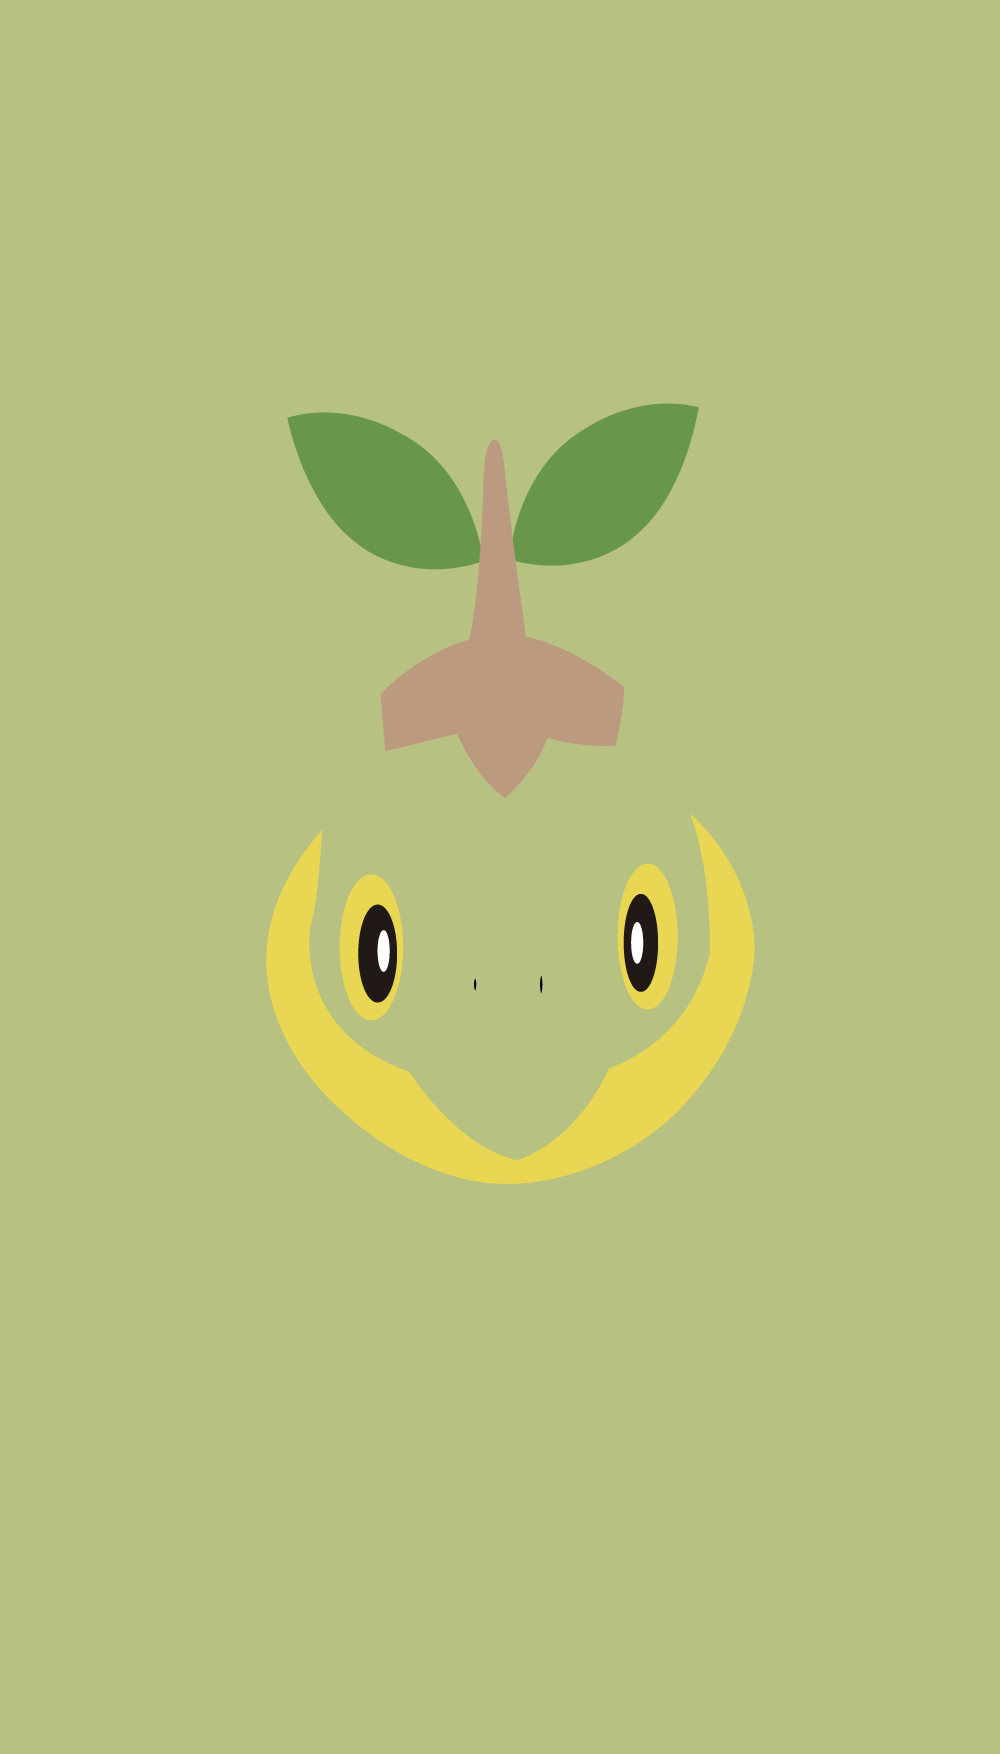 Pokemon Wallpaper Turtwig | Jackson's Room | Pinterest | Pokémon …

+++++

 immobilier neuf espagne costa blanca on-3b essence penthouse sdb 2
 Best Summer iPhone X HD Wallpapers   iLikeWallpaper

+++++

Everything above from the line containing "immobilier neuf espagne" through the line containing "Best Summer iPhone" must be copied exactly. Nothing outside that range belongs in the answer.

(Task result):
 immobilier neuf espagne costa blanca on-3b essence penthouse sdb 2
 Best Summer iPhone X HD Wallpapers   iLikeWallpaper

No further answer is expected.